Dopo la sbornia di ottime canzoni ecco la prima bizzarria: vorrei definirlo strumentale ma così non è. E' un'accozzaglia di campionamenti vocali, sottolineati da inquietanti sonorità di tastiera. Questo "divertissement", intitolato "Reduction", sfuma sulla successiva "Resilience". Aperta da deliziosi suoni liquidi, la canzone regala un'atmosfera lenta ed implacabile. Il brano è molto contrito, le strofe sono malate ed i fraseggi di chitarra barocchi. Al di sotto dell'onnipresente pessimismo e dello "spleen", ogni canzone è dotata di una forte sensualità. Naturalmente, nulla di sentimentale: pura sensualità alla quale segue un'eterna insoddisfazione. Il finale riporta alla mente alcuni passaggi dei Naked City.
"Remission" e "Requiem" sono due bizzarri strumentali. Il primo è un brano elettronico, memore dei già citati Depeche Mode dallo spiccato ritmo dance. Il secondo è più simile ad una danza macabra, sulla falsariga delle colonne sonore dei film di Tim Burton. Ambedue queste tracce presentano caratteristiche comuni, tra le quali i richiami ai Future Sound of London e all'album "Spillane" di John Zorn.

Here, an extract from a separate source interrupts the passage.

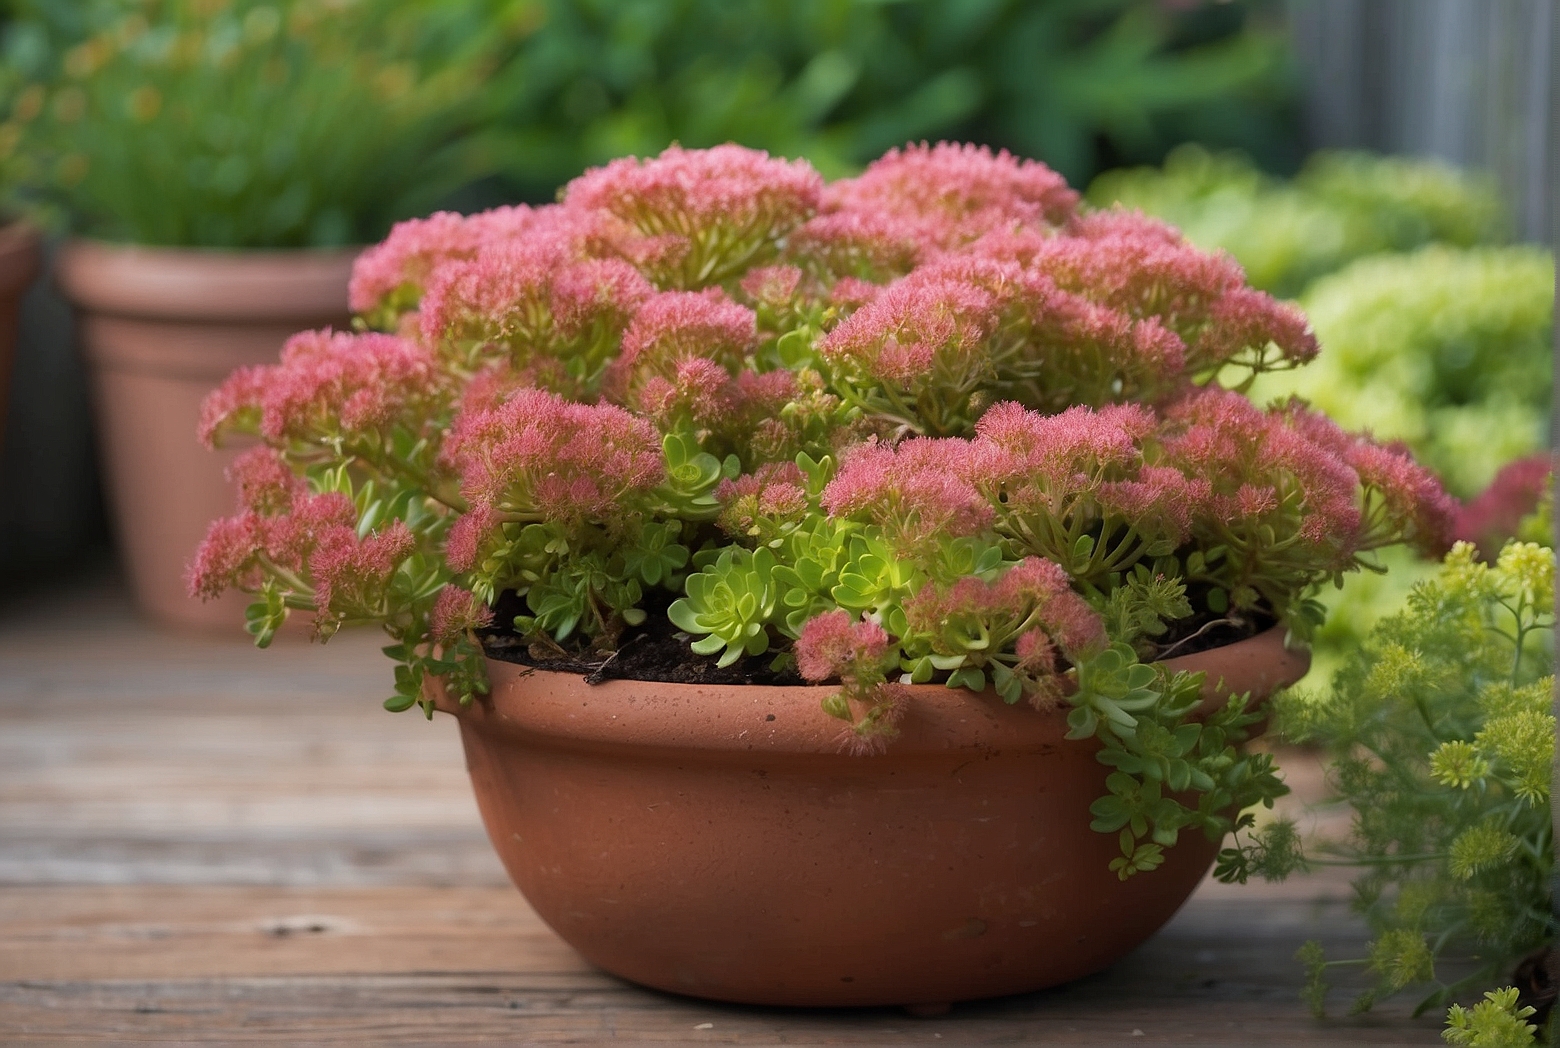 Mr. Goodbud Sedum: A Perfect Plant for Your Garden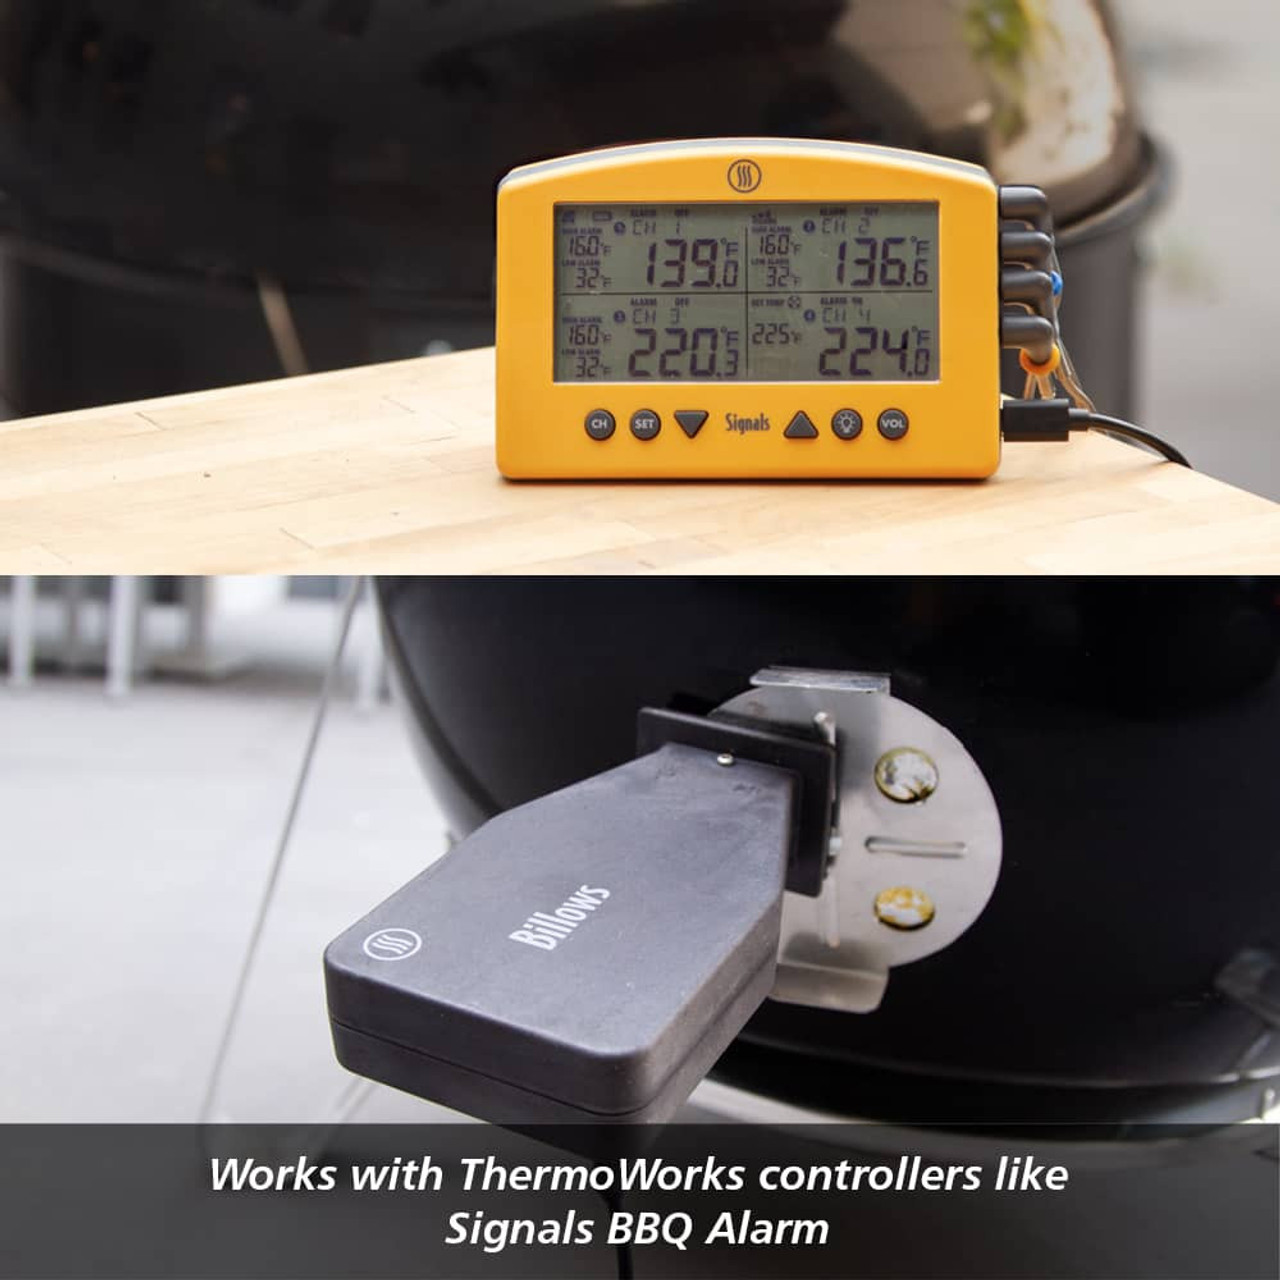 ThermoWorks Smoke and Smoke Gateway Review: Essentials for Your

"Reflexion" è una ballata suicida in cui Elliott si trasfigura in Peter Steele più che mai. La voce è identica. Inquietante e malata, la melodia è entusiasmante. Sensuale più che mai, si chiude su oggetti metallici mossi dal vento. Questi suoni rivelano che lo spettro che si aggira tra le note della canzone è quello dei Black Heart Procession.
La title track chiude l'album con la sua andatura monumentale, vivacizzata dalle note meccaniche dei sintetizzatori.
"Redemption" mi è piaciuto molto. E' fresco e dotato di una spiccata creatività. E' mio dovere sottolineare i limiti dei Braindance: è necessario che si scollino di dosso l'influenza delle loro band ispiratrici (Type O'Negative su tutti). Solo così la band potrà finalmente ottenere i risultati che merita. "Redemption" è un album consigliato a tutti coloro che vogliano rischiare un ascolto diverso dai soliti proposti da Shapeless. Sono sicuro che non se ne pentiranno.